WHAT IS NEEDED: Look through the entries below and copy exactly the part that begins with the line containing "15 cute easy ponytail hairstyles tutorials" and ends with the line containing "venom alien aliens versus digital sculpt". Do not copy the pictures.

::: INPUT RECORDS :::

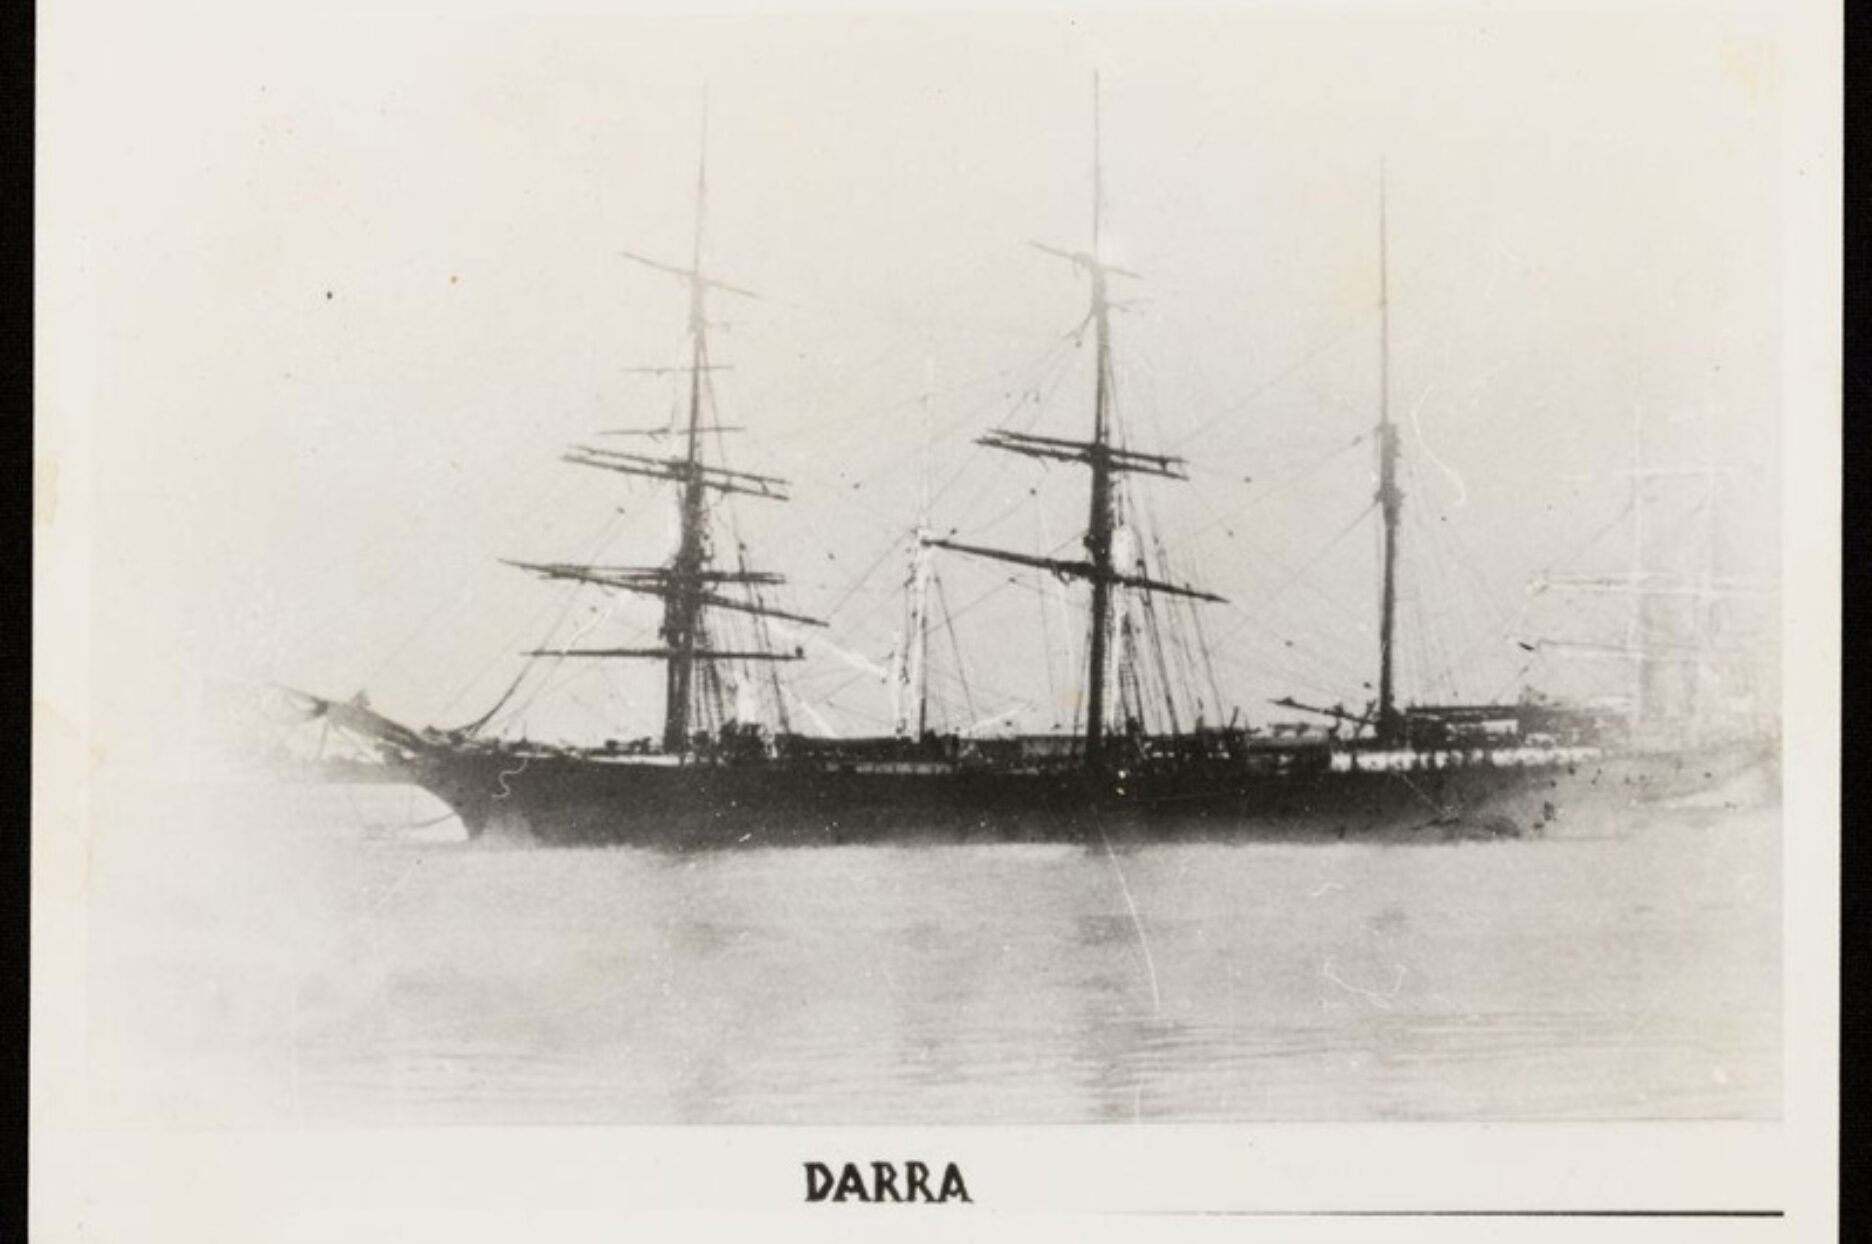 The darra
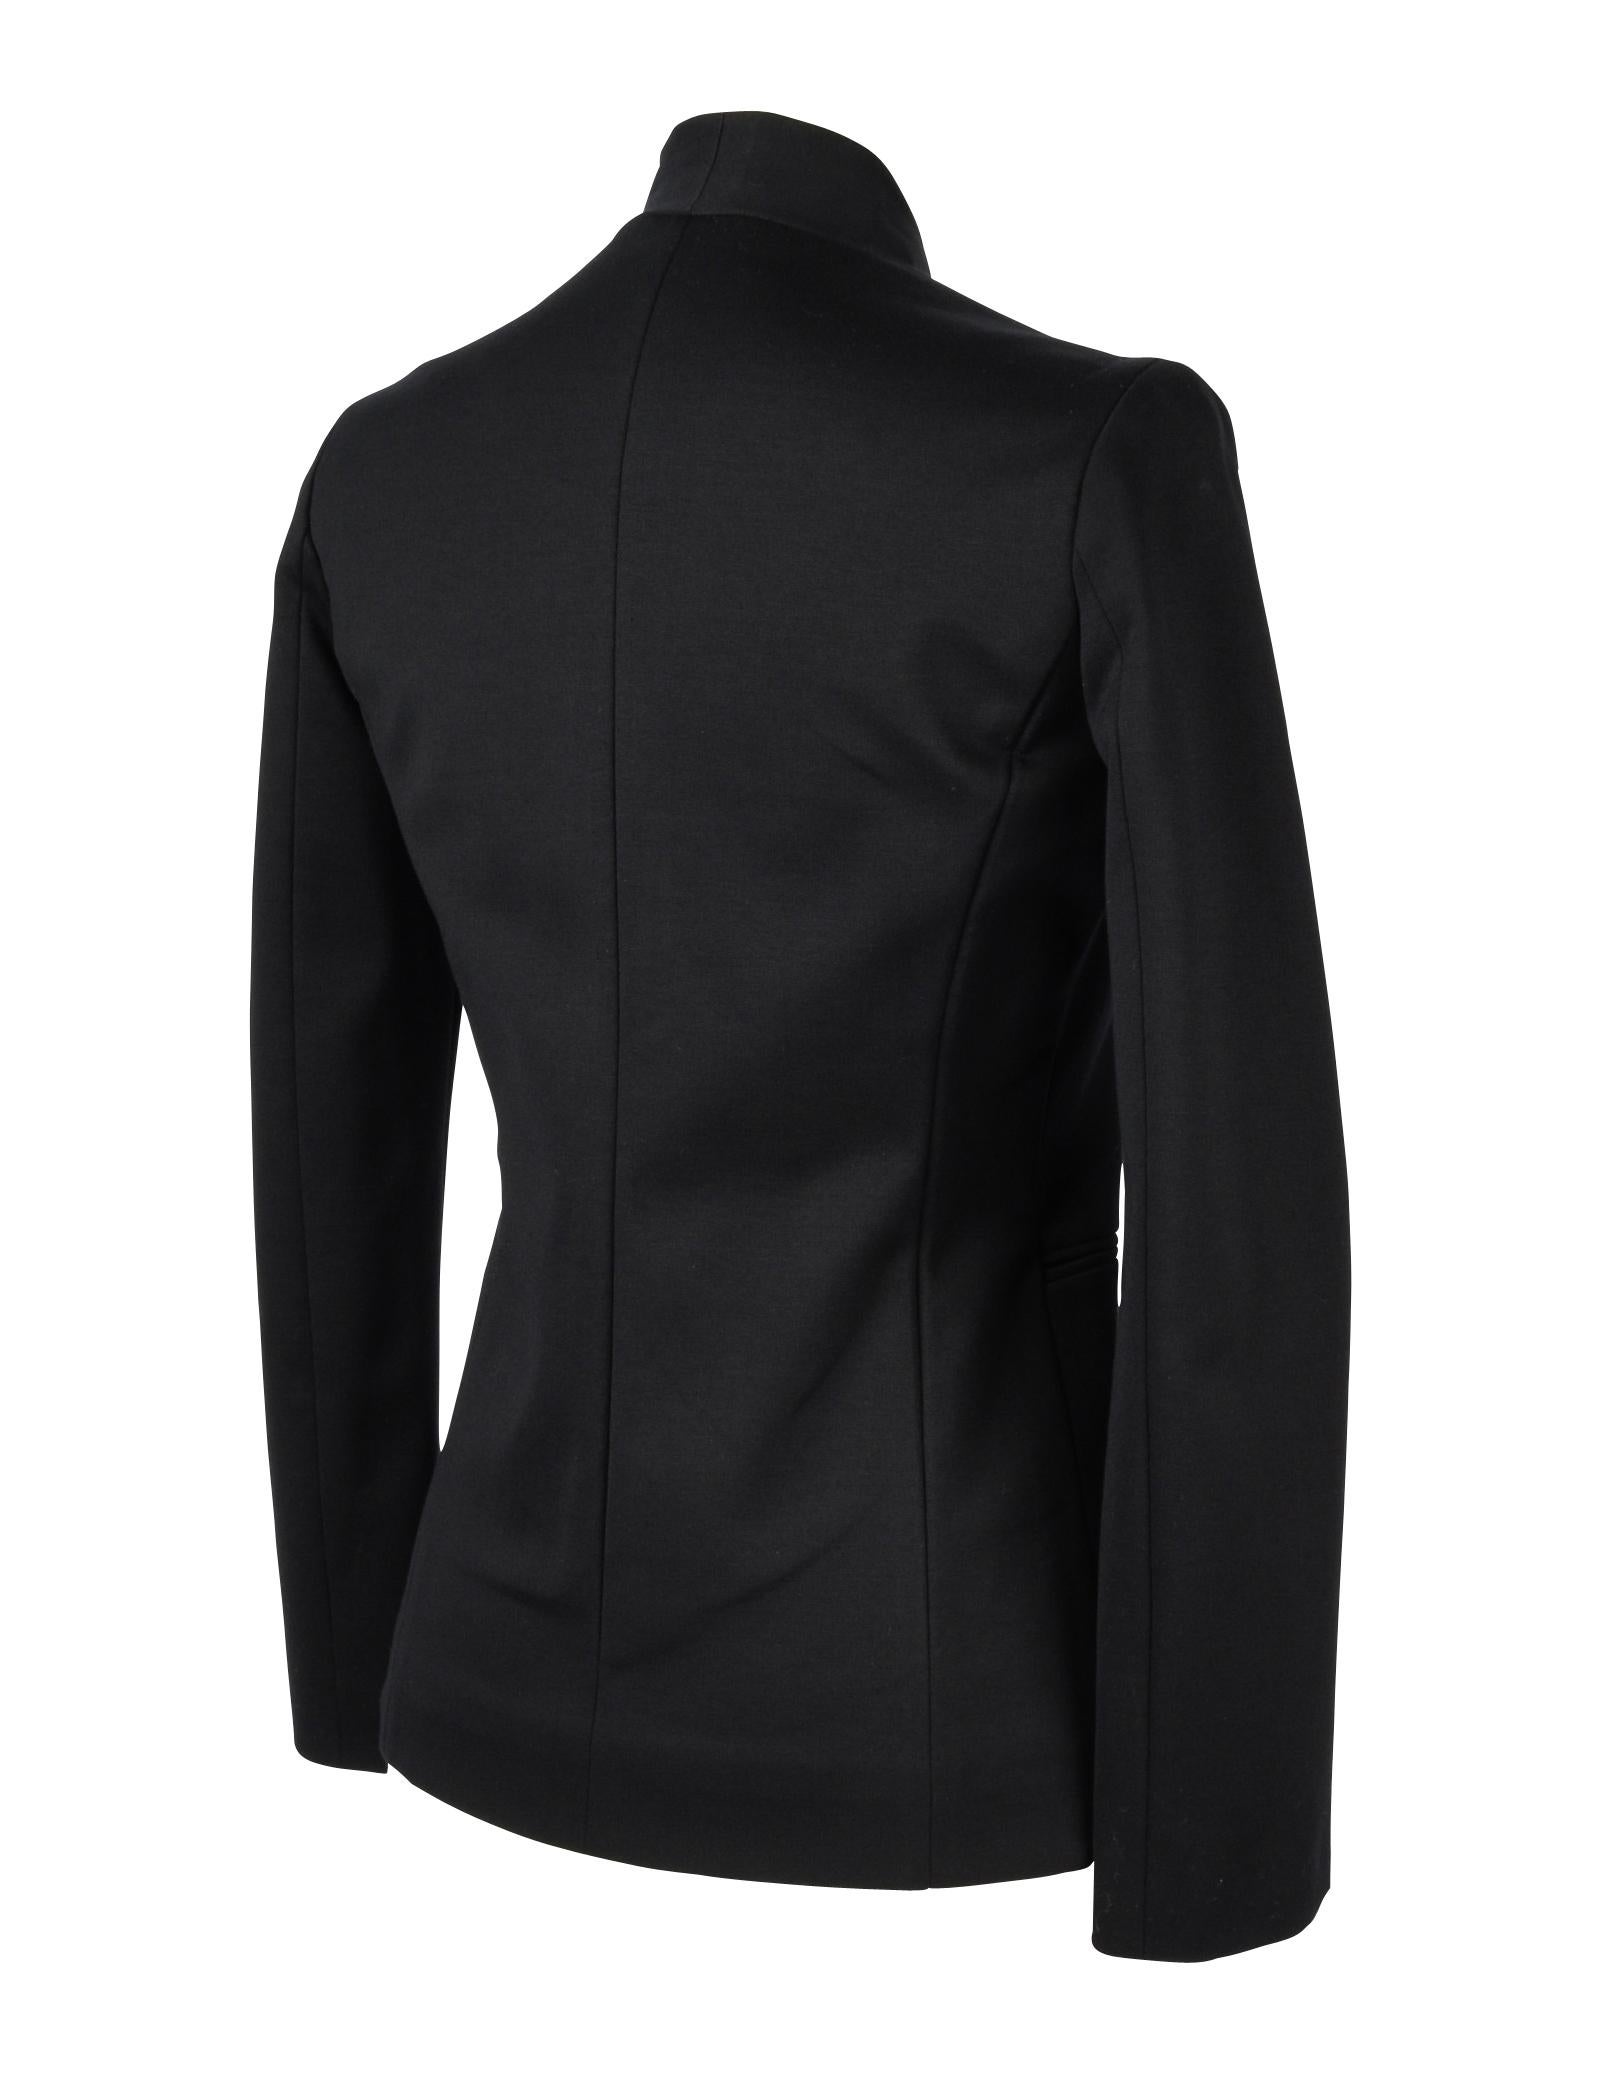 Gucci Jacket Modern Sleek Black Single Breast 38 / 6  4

:::
::: INPUT RECORDS :::

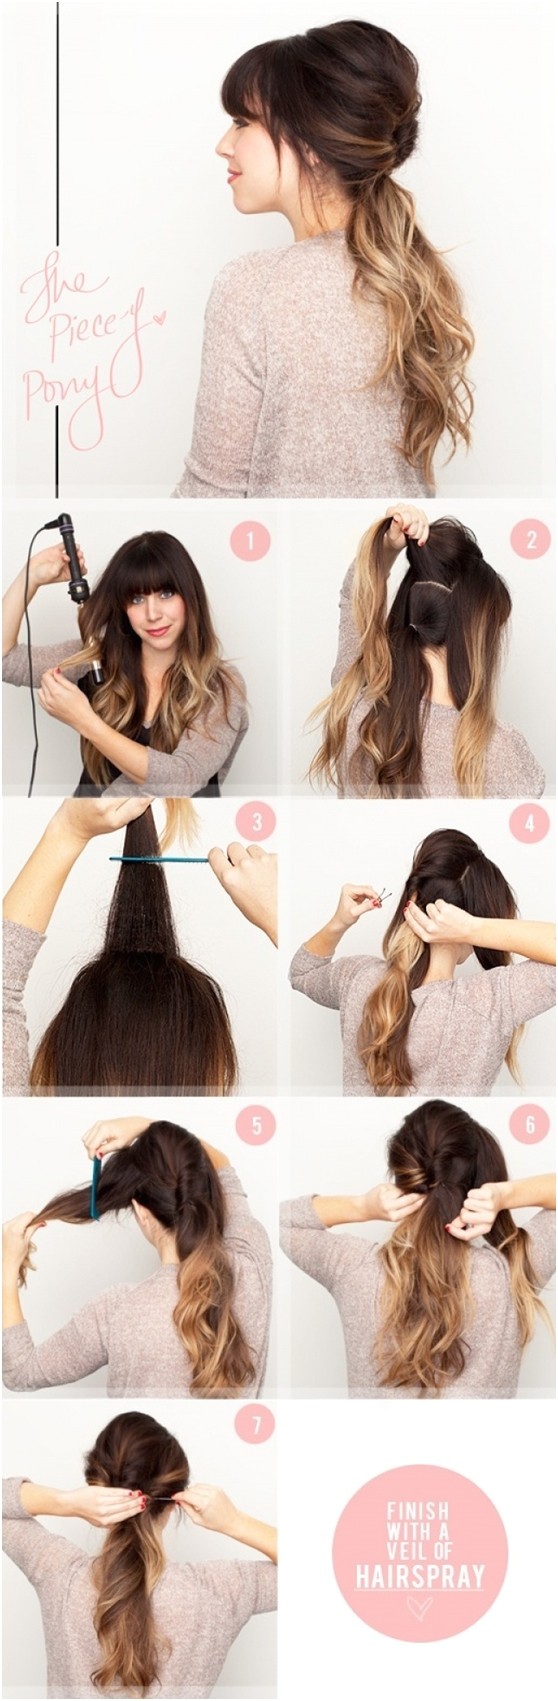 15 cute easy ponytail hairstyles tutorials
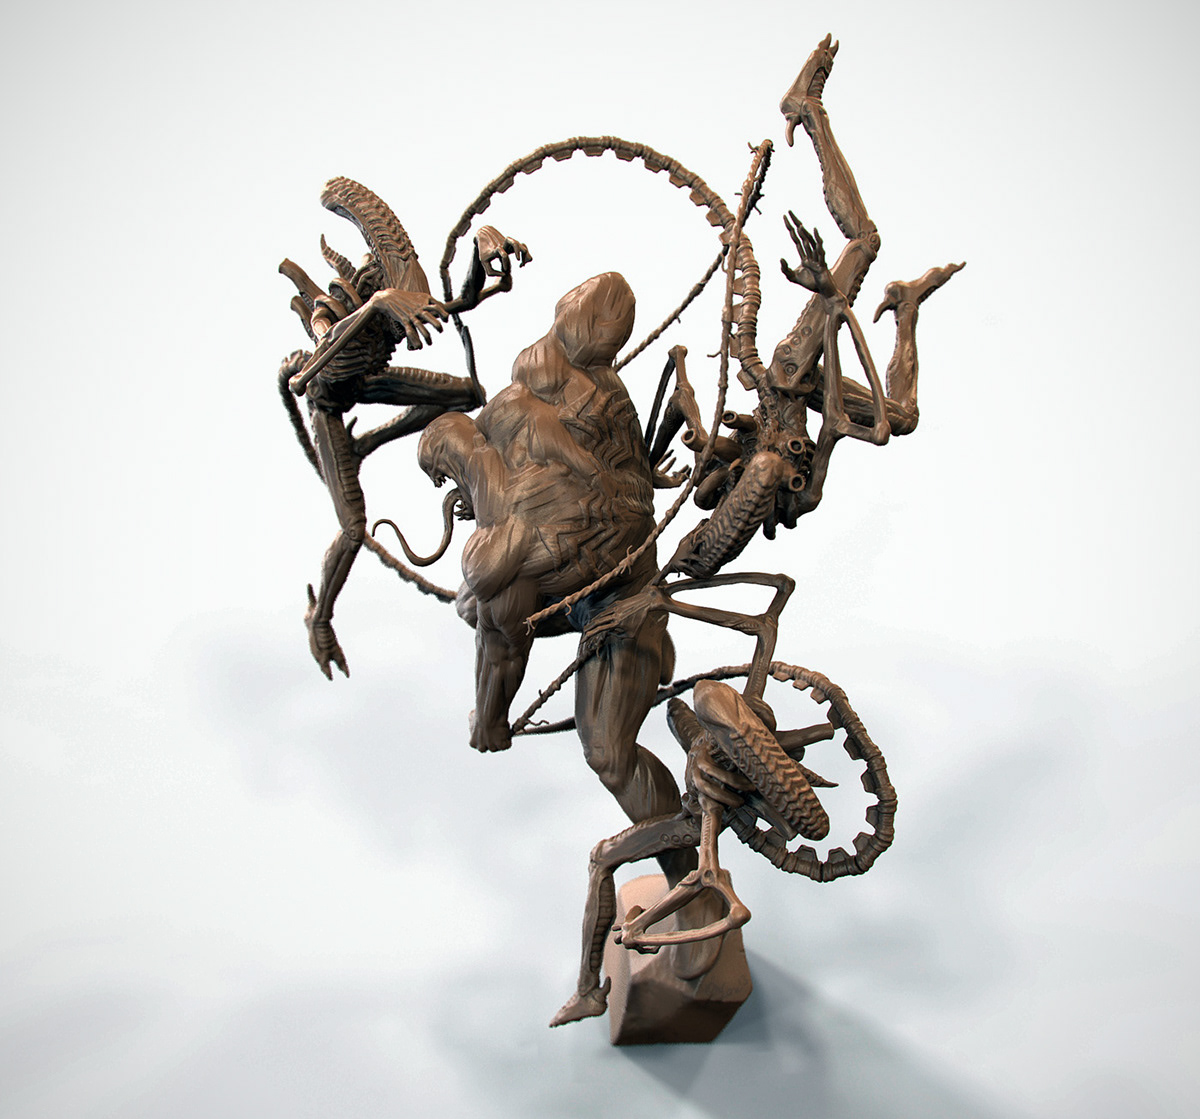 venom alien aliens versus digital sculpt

:::
::: INPUT RECORDS :::

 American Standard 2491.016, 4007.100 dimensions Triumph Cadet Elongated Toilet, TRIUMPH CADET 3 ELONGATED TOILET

:::

SOLUTION TO THIS TASK:
 15 cute easy ponytail hairstyles tutorials
 venom alien aliens versus digital sculpt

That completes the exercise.